For the entries that follow, retype exactly the lines from the one containing "Tie Dye Kids" to the one containing "Wasatch Wanderers", inclusive, and only those. Images stay out of the copy.

--- Materials provided ---

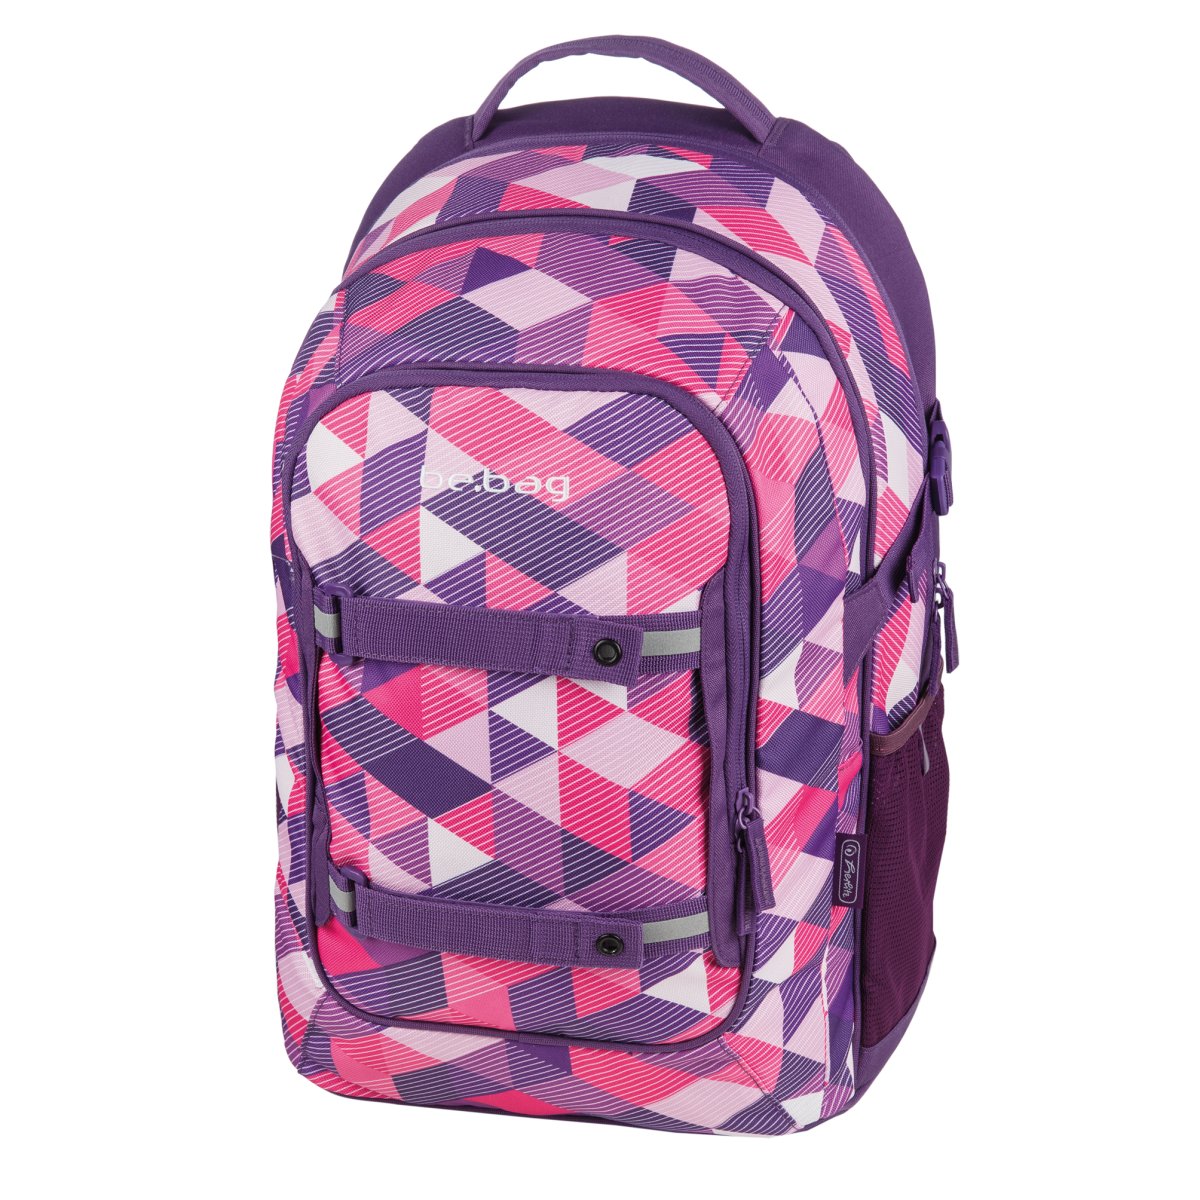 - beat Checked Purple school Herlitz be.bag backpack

---
--- Materials provided ---

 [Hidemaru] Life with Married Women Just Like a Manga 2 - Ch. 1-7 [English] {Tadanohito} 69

---
--- Materials provided ---

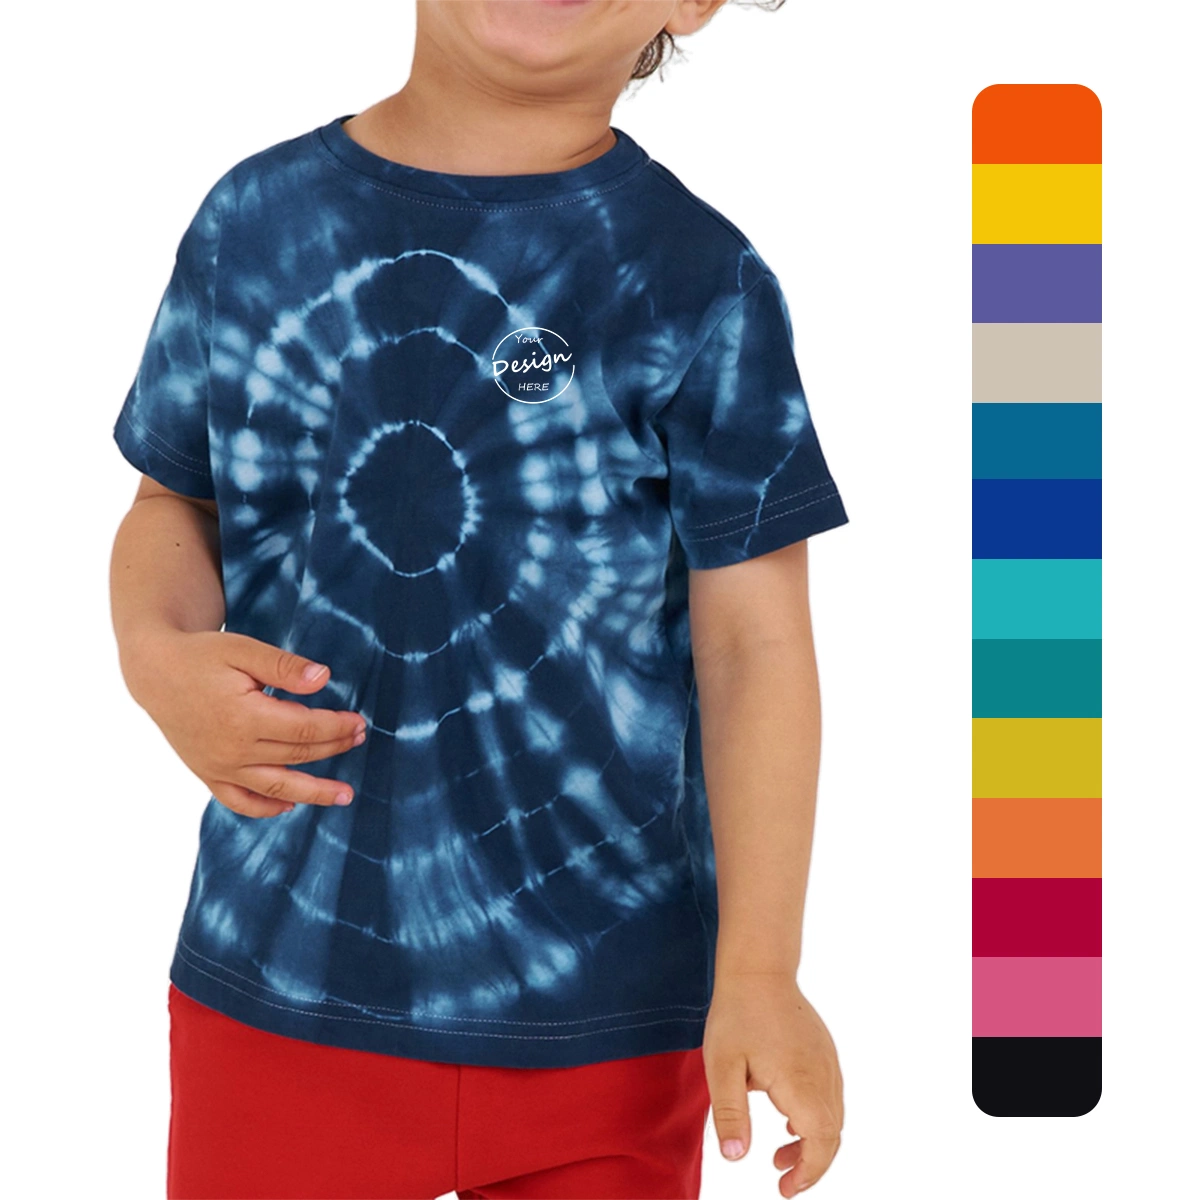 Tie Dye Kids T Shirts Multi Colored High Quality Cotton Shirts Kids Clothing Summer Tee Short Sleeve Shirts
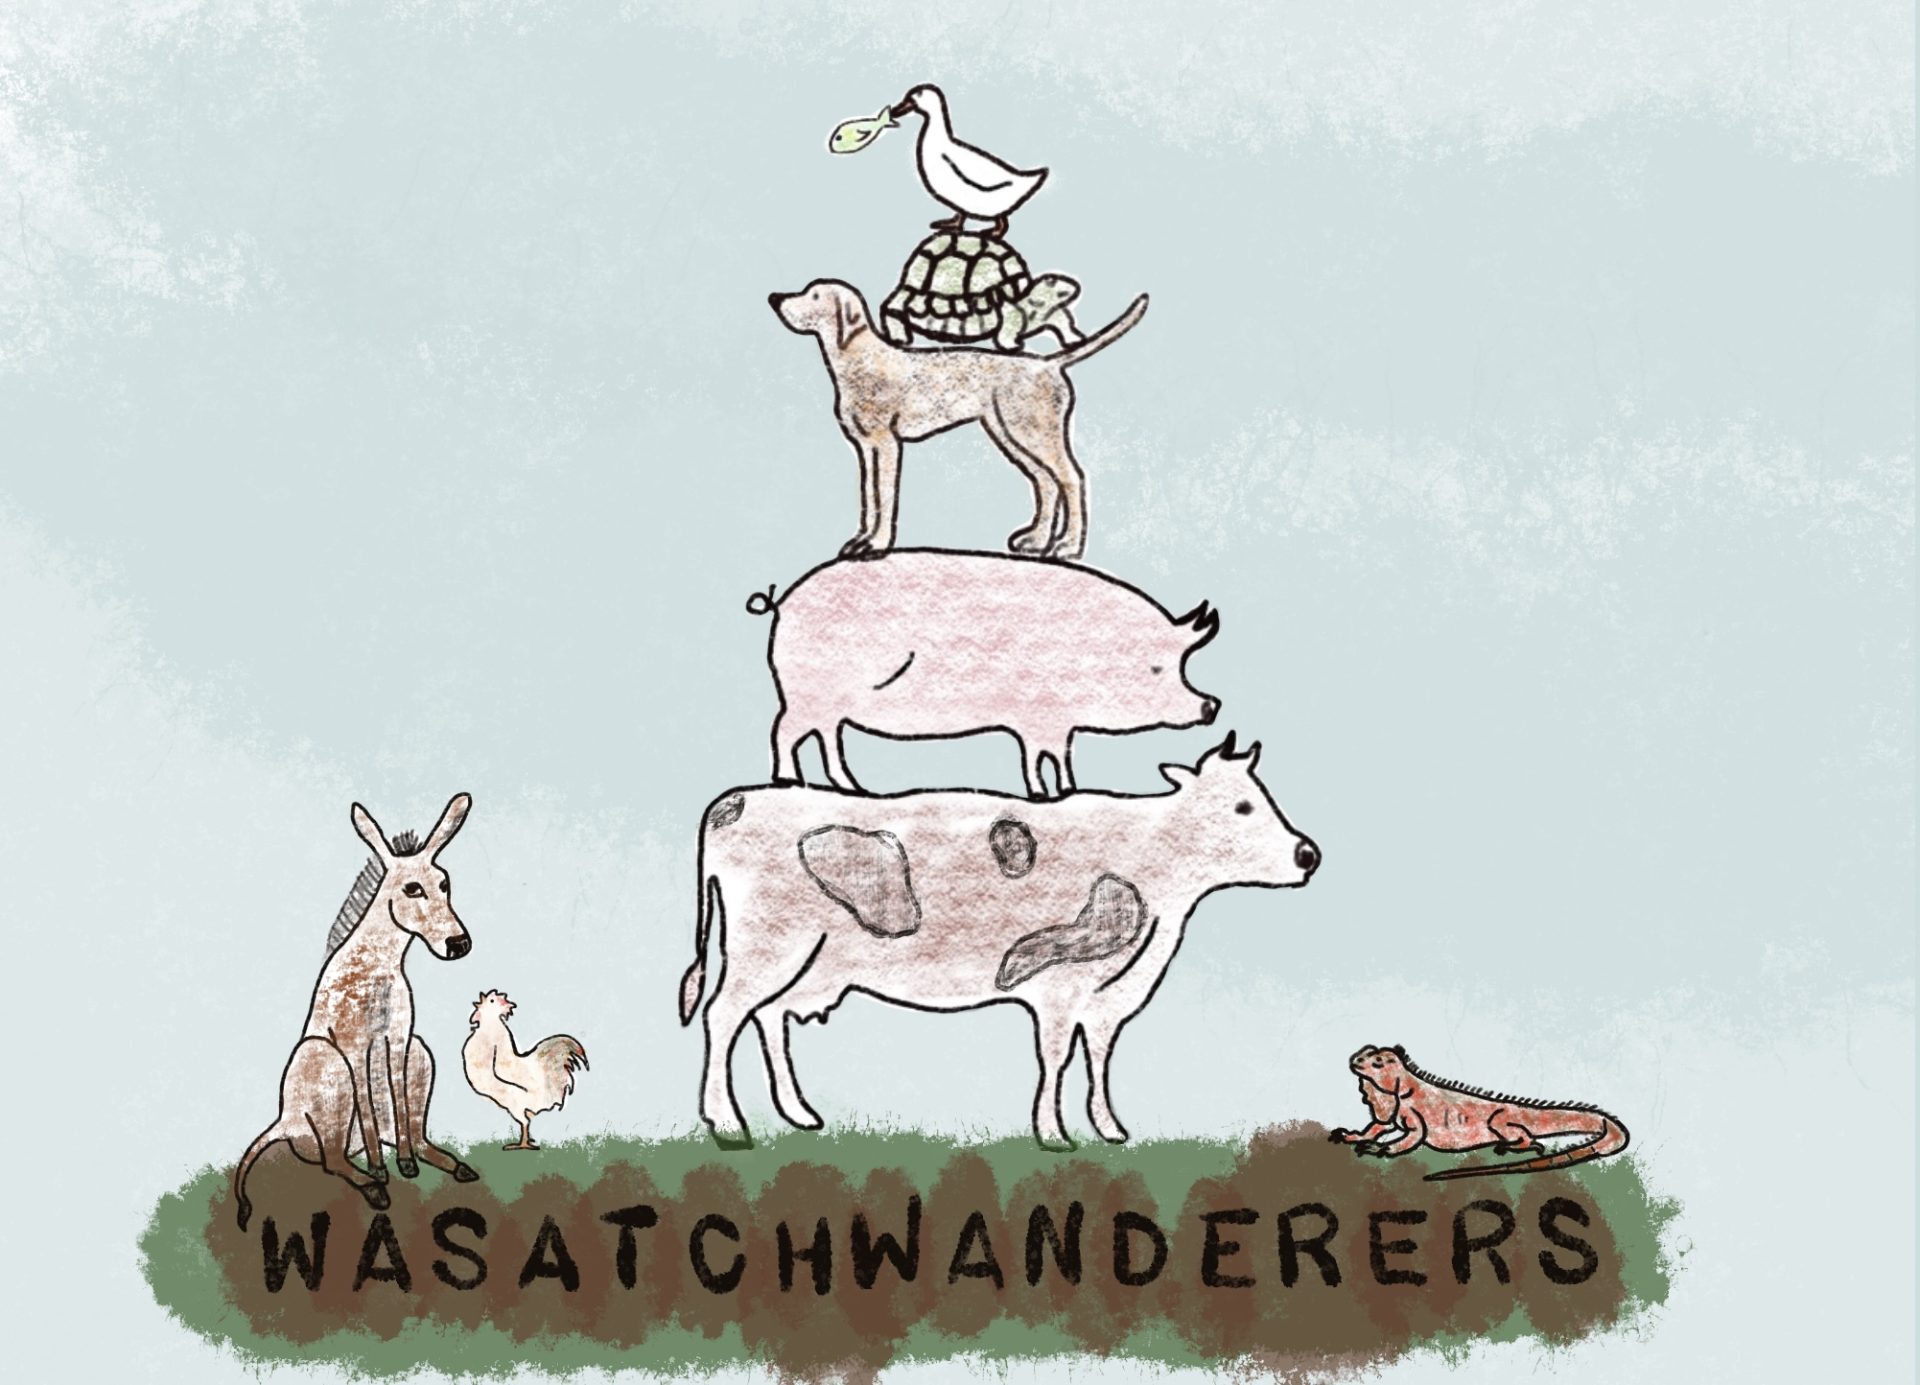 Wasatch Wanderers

---

**Answer to the problem**.
 Tie Dye Kids T Shirts Multi Colored High Quality Cotton Shirts Kids Clothing Summer Tee Short Sleeve Shirts
 Wasatch Wanderers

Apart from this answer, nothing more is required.